Среди этой сплошной перестрелки иврита и латыни Якоб Якоб весьма непроизвольно демонстрирует свою солдатскую выправку, но и его торжествующе грубый голос потрясает тем, что ведь и он говорит на языке Библии.
Майз вовсе забыл про Кона: вовсю, кажется, кокетничает с Маргалит.
И выходит, в этом пространстве сплошной древнееврейской речи, один Якоб Якоб пытается установить хотя бы какой-то контакт с Коном на идиш, и оба припоминают этот язык, как невнятное дуновение детских лет; таким же невнятным выходит и этот разговор, освещаемый издалека ван-эйковской улыбкой Маргалит, за которой мерещатся тайные разочарования, протягивающиеся наследственностью от Маргариты фаустовско-булгаковских сумерек, разочарования, заставляющие содрогнуться сердце прикосновением к гибельному очарованию самых корней жизни.
Тут лишь, чуть прийдя в себя, Кон видит за газетным столиком старика и в следующий миг с удивлением понимает, что именно этот старик и притягивает внимание всего салона. Голова его неправильной формы до потрясения напоминает голову «Человека с перебитым носом» Родена. Редкие длинные волосы по обочинам лысины, кажется, шевелятся даже в безветрие. Широко расставленные по сторонам перебитого искривленного носа синие глаза делают его похожим на минотавра. Говорит он как бы нехотя, но длинными тирадами, вызывая мгновенный, на какой-то суетливый отпор со стороны двух молодых людей, один из которых, в кипе, вправляет небольшие свечи в семисвечник.

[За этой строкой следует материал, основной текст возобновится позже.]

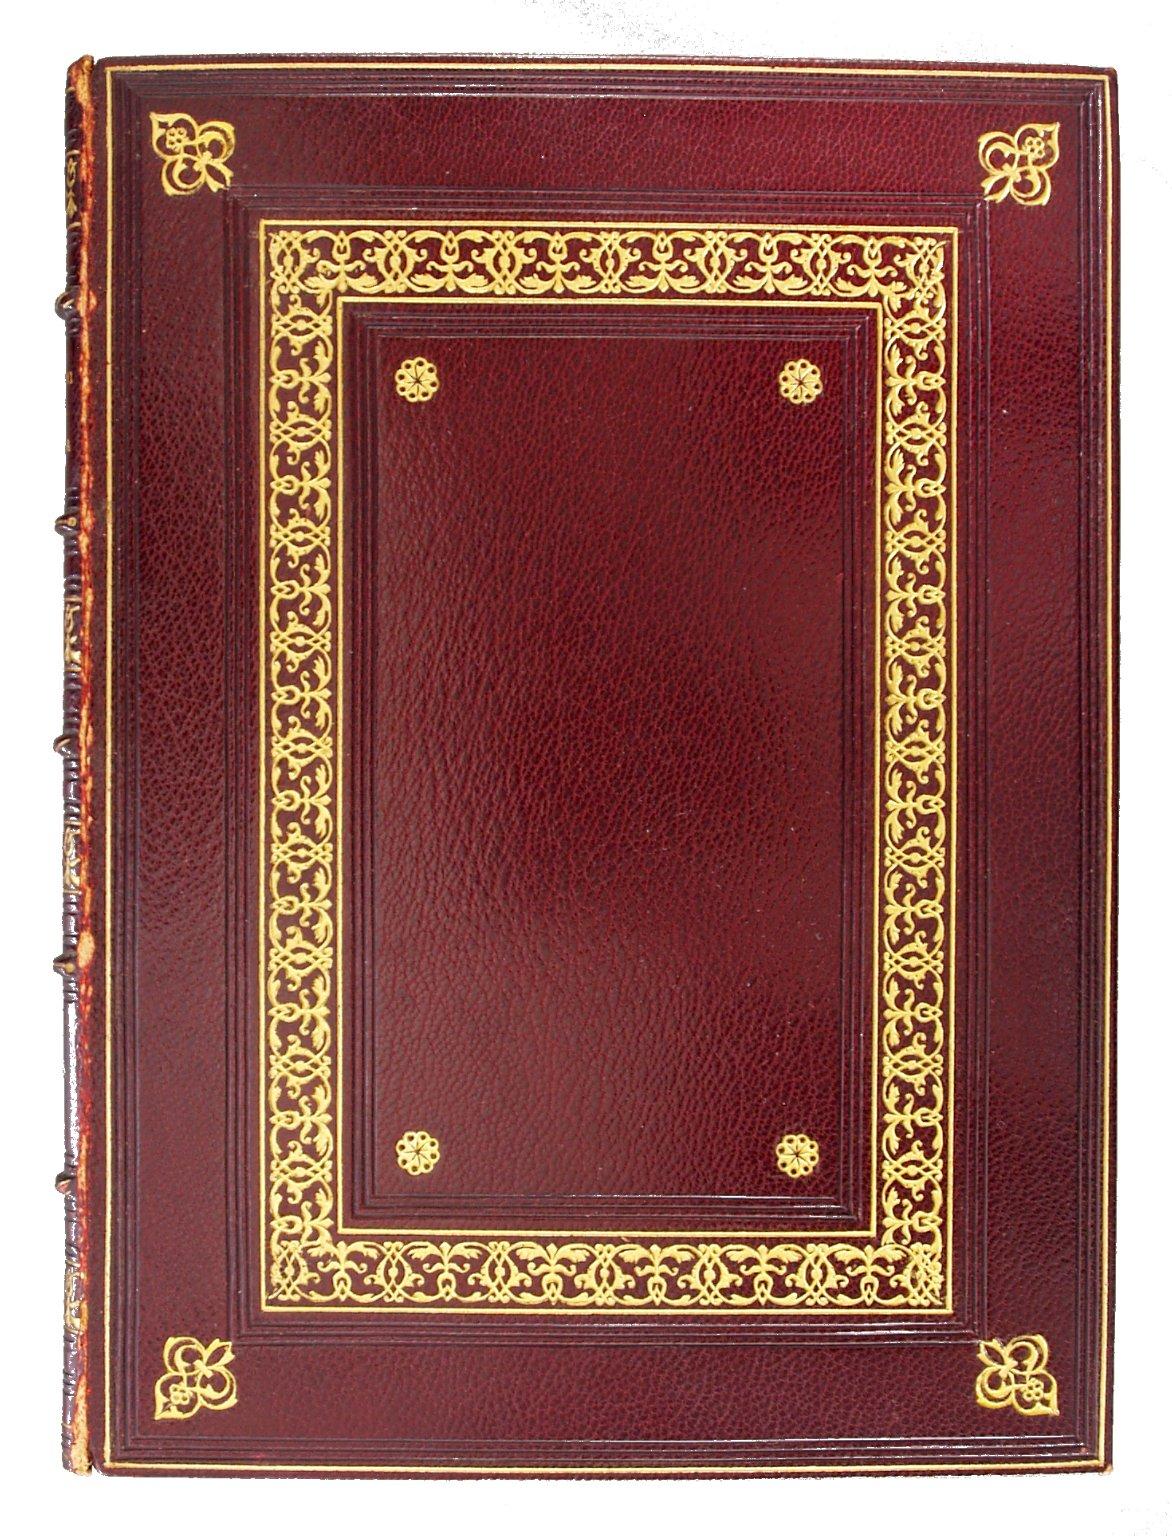 Cover, INC P745 copy 1.

Наконец Майз вспомнил о существовании Кона, ощутил угрызения совести, почти прилип к уху, небрежно беря то одну, то другую книгу, словно выбрасывая их перед Коном, как товар на прилавок: все это книги Маргалит, прибыли из Израиля лишь вчера, вот — Плотин, перевод с греческого, два тома; Кант, три тома «Критик», например, «Бикорэт коах ашипут» — «Критика силы суждения», или — «Бикорэт атвуна атэора» — «Критика чистого разума», ого, погляди, Иосиф Флавий, три тома «Иудейских древностей», «Иудейская война», перевод с греческого оригинала «История войны евреев с римлянами»; Шмуэль Хьюго Бергман, был профессором Иерусалимского университета, «Диалогическая философия от Киркегора до Бубера», Конфуций, а вот, помнишь, «Книга Иисуса сына Сирахова», на иврите — Бен-Сиры, Платон, пять томов…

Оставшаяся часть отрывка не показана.